There’s no other feeling in the world like seeing one of your classmates shoot themselves in the head. Watching anyone get shot would be extremely frightening, but this instance was particularly traumatic.
For me, it was a usual day. I had completed my morning classes and, finally, it was time for lunch. When I reached the lunchroom, I took a seat at my usual table with the younger girls. For a moment, I contemplated sitting with my face to the rest of the lunchroom. Instead, I slumped into a chair facing the windows and pulled out my lunch- noodles with cheese and kale. Lunch seemed normal for around five minutes. One of the girls I was next to took out a small jar and said it was larger than her brother’s brain. That made us all laugh, and we turned back to our food. However, I had hardly eaten a thing when I heard the sound. At first it seemed like someone had blown something up in the microwave or popped a balloon, not possibly blown their brain to bits. A half second after hearing the noise, I whipped around and saw my classmate falling backwards like someone had shoved him. Initially it seemed like he had fallen on purpose, since that was something he would do at recess. Run and roll. Then it looked as if there had been an explosion, what with dust falling with ceiling pieces and the way my fellow peer had fallen. After all, people were running, screaming, and crying. They wanted to be anywhere but there. That was when it registered inside my mind. My eyes saw the long camouflage hunting gun lying next to him and maybe a little bit of blood too. Our Principle screamed for someone to call 911 and put the gun onto a table. Another teacher told us that we were to go directly to our homerooms.
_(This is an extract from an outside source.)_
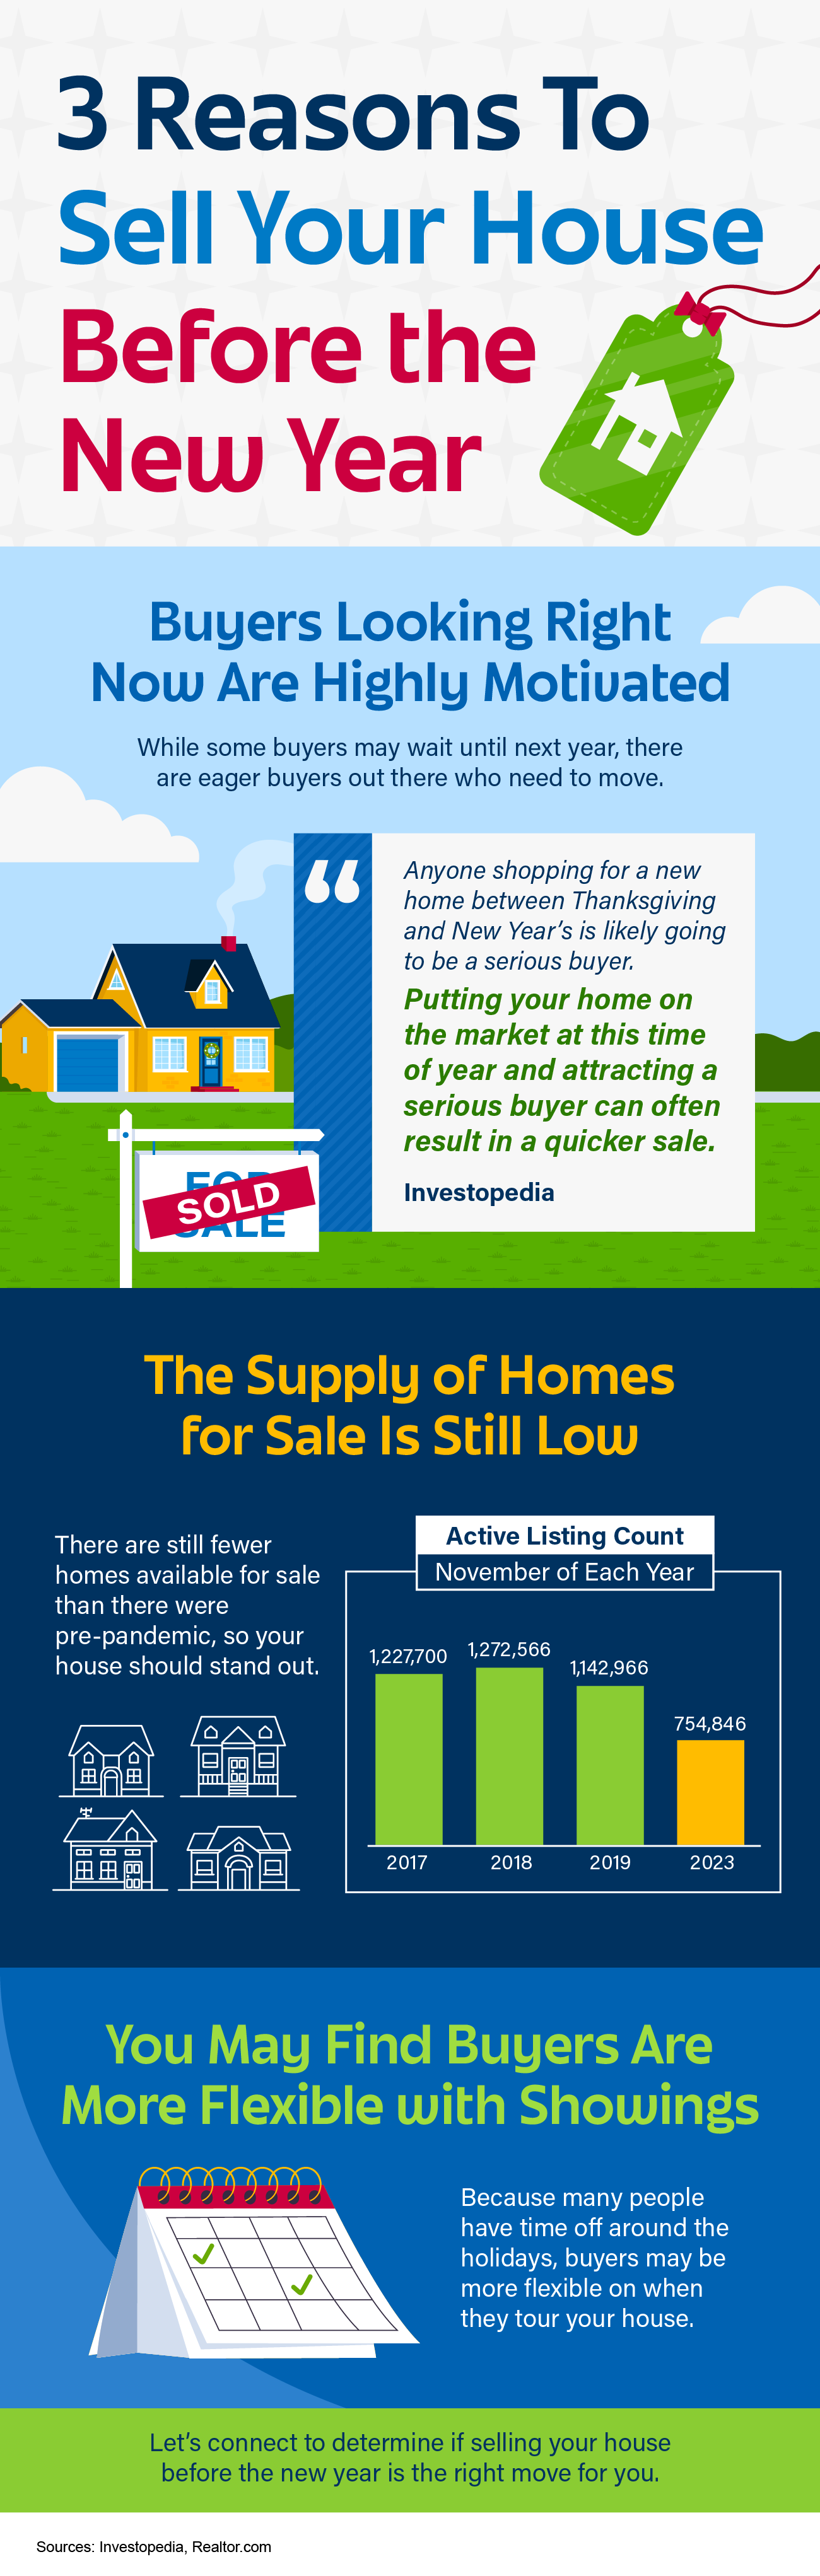 3-reasons-to-sell-your-house-before-the-new-year-infographic

Half an hour later, we were escorted by teachers into the gymnasium where our whole school was in wait. Meeting up with other students, we cried with each other and hugged one another in comfort. Many of us had witnessed the event and were traumatized. After being in the gym for half an hour comforting each other and reassuring one another, we returned to homerooms. Some of us also went into counseling strait away, and eventually I even had to give an eye-witness statement.
I have never seen so many boys crying in one room, and I never want to again. Writing is my only way to express myself. And after what I witnessed, I really needed to express what I saw. And I want the newspapers to stop saying it could’ve been an accident, because it wasn’t. And that it was because of a relationship, because he was obsessed with her. Most of all, I want to know every little detail because I was just scarred for life and I am an inquisitive child.